Test Sample Preparation

Thaw and dilute samples within 1 hr of use. Remove any particulates by
centrifugation or filtration. Avoid multiple freeze and thaw cycles.

Dilution of Standard (1:3 Serial Dilution)

This preparation provides sufficient volume to run duplicate standard
dilution curves. Ensure that each new standard is mixed well by vortexing
before proceeding to the next dilution. Change tips between each dilution.

Note: The product data sheet in each kit lists the most concentrated
point on the standard curve (S1). Enter the values and units into
Bio-Plex Manager

™

software as instructed in the Read Plate section.

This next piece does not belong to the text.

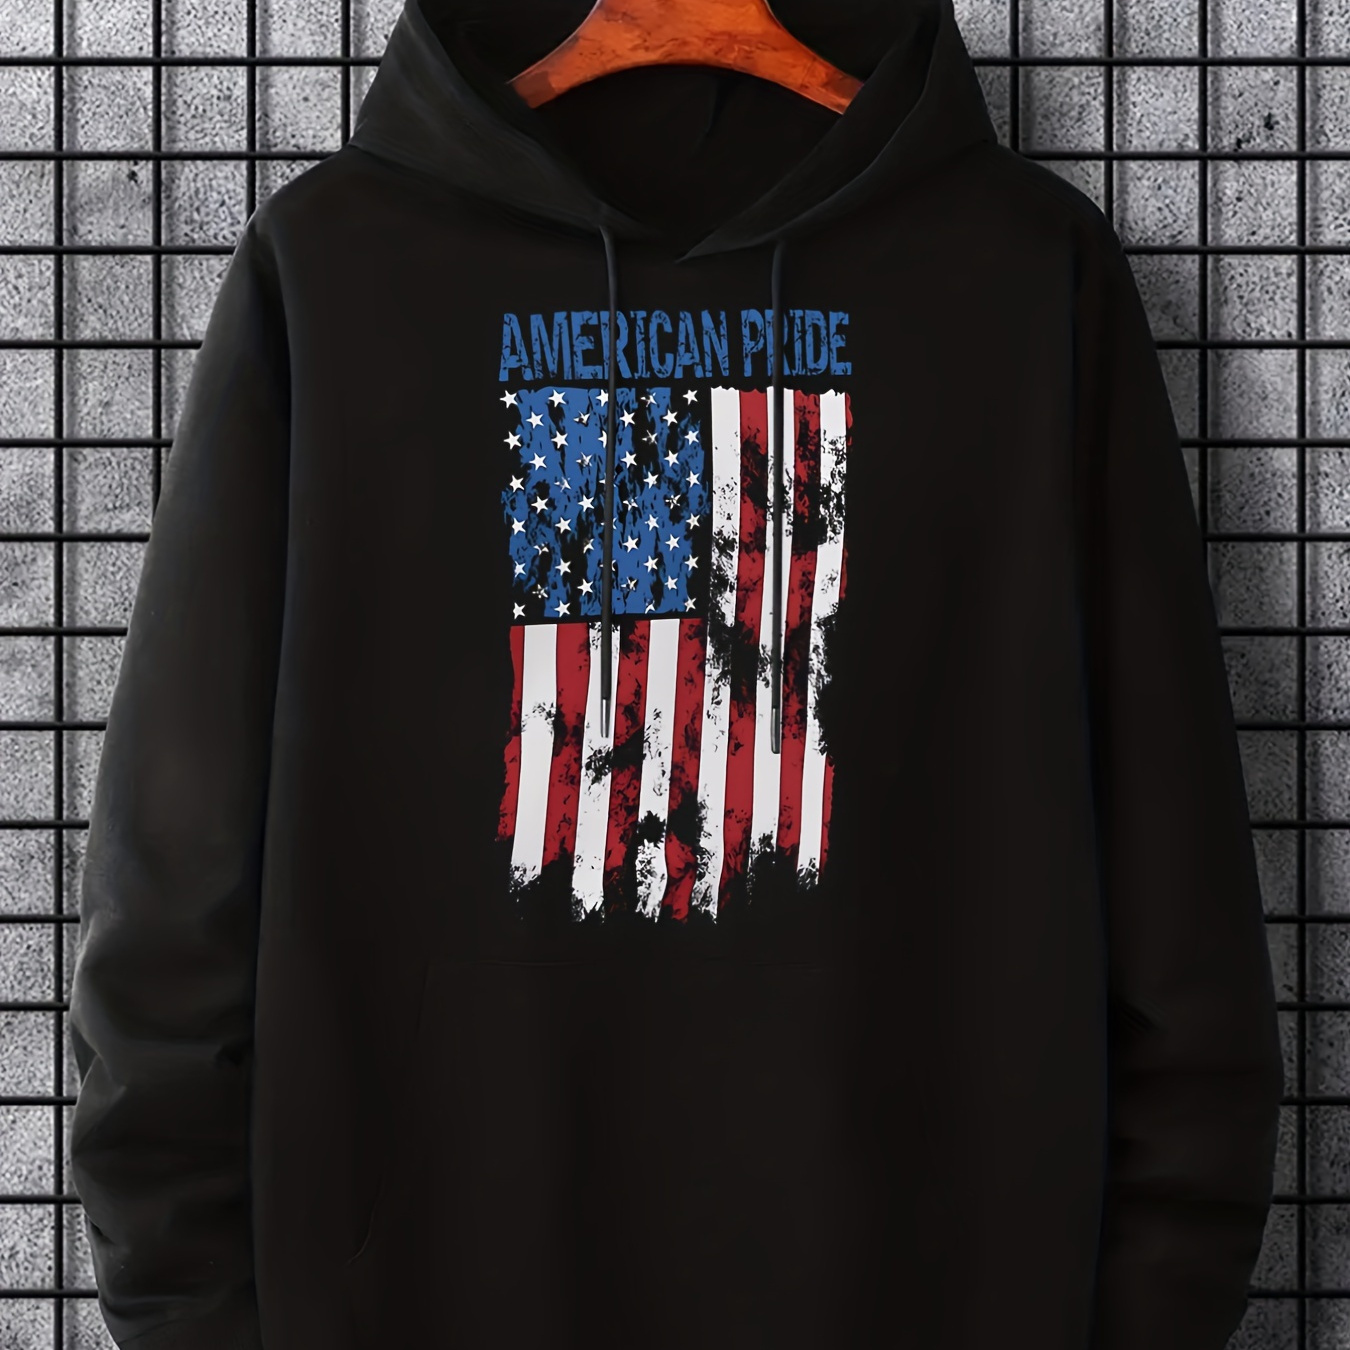 

Creative National Flag Patterns Print Hoodie, Hoodies For Men, Men's Casual Graphic Design Pullover Hooded Sweatshirt With Kangaroo Pocket For Spring Fall, As Gifts
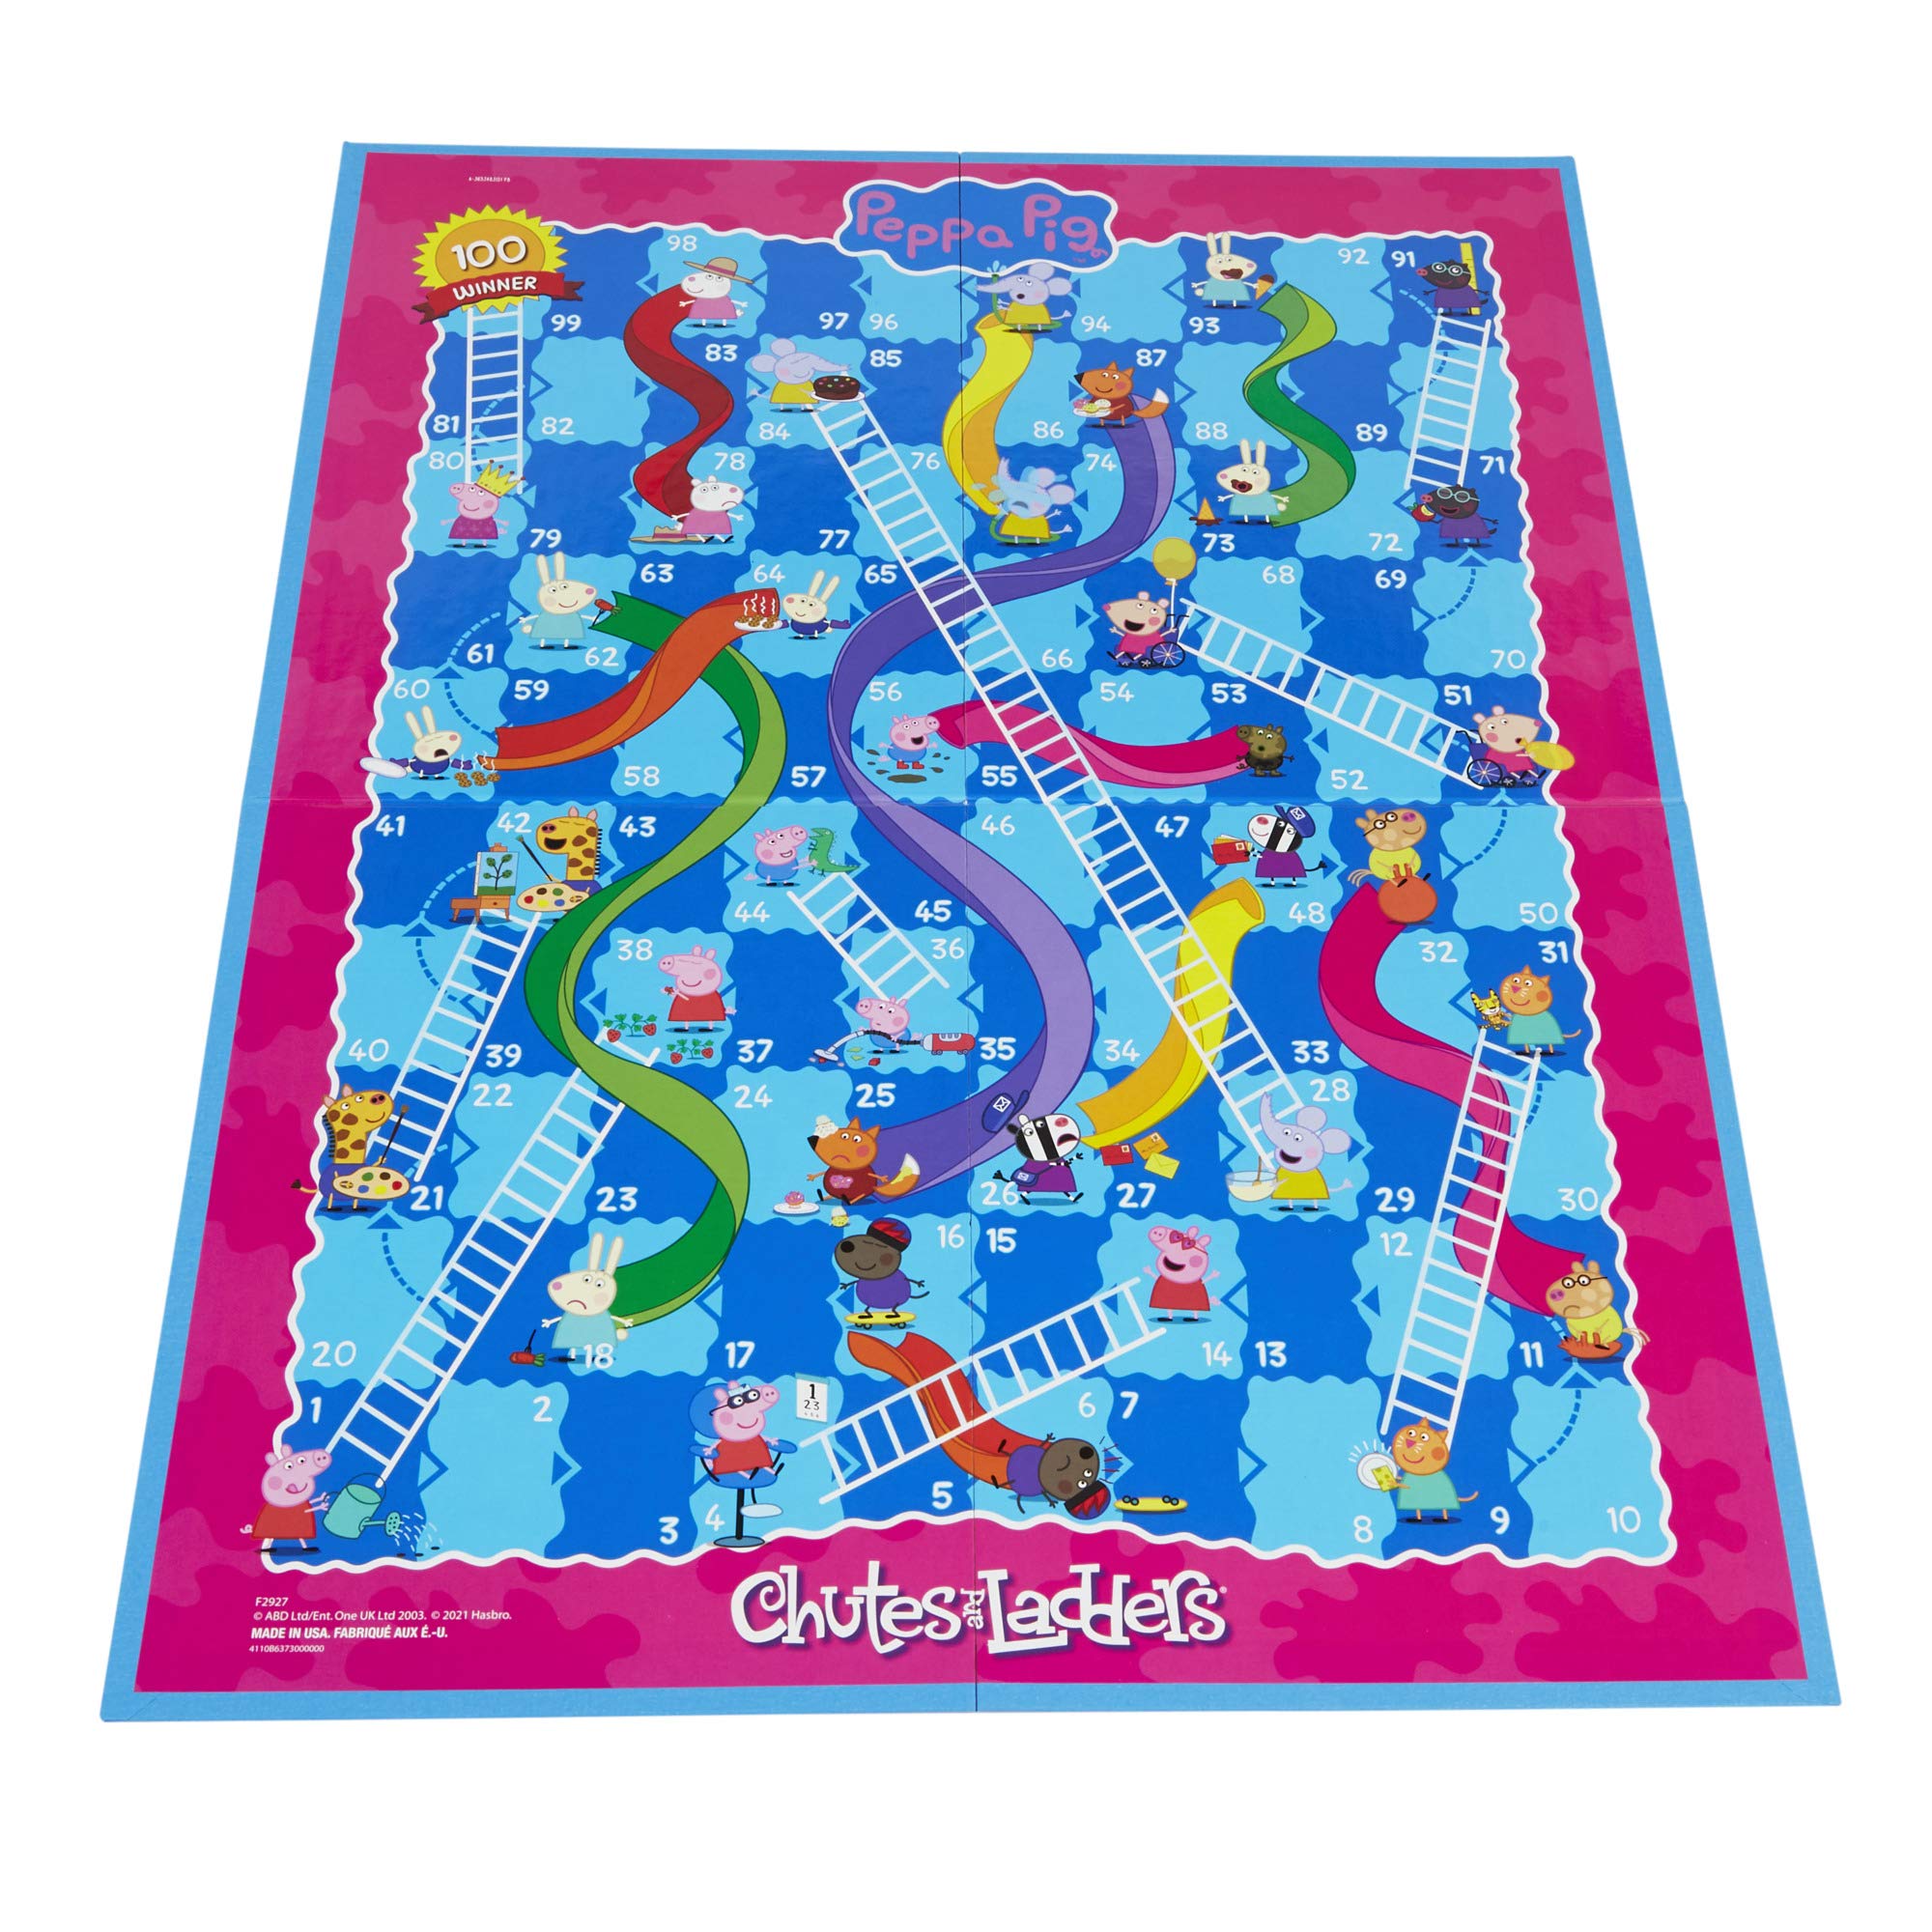 Chutes and Ladders: Peppa Pig Edition Board Game for Kids Ages 3 and Up, Preschool Games for 2-4 Players

1. Label 8 polypropylene tubes S1 through S8. Label an additional

tube Blank.

2. Transfer the reconstituted standard into the tube labeled “S1.”

3. Add the appropriate amount of the standard diluent into the labeled

tubes according to Figure 3 (this will be sufficient for duplicate
standard curves and blanks).

4. Prepare working standards (S2–S8) by 1:3 (threefold) serial dilution.

Transfer the appropriate volume of standard into each of the labeled
tubes containing standard diluent as outlined above.

5. Vortex each standard at a medium setting for 5 sec before proceeding

with the next serial dilution. Change pipet tip at each dilution step.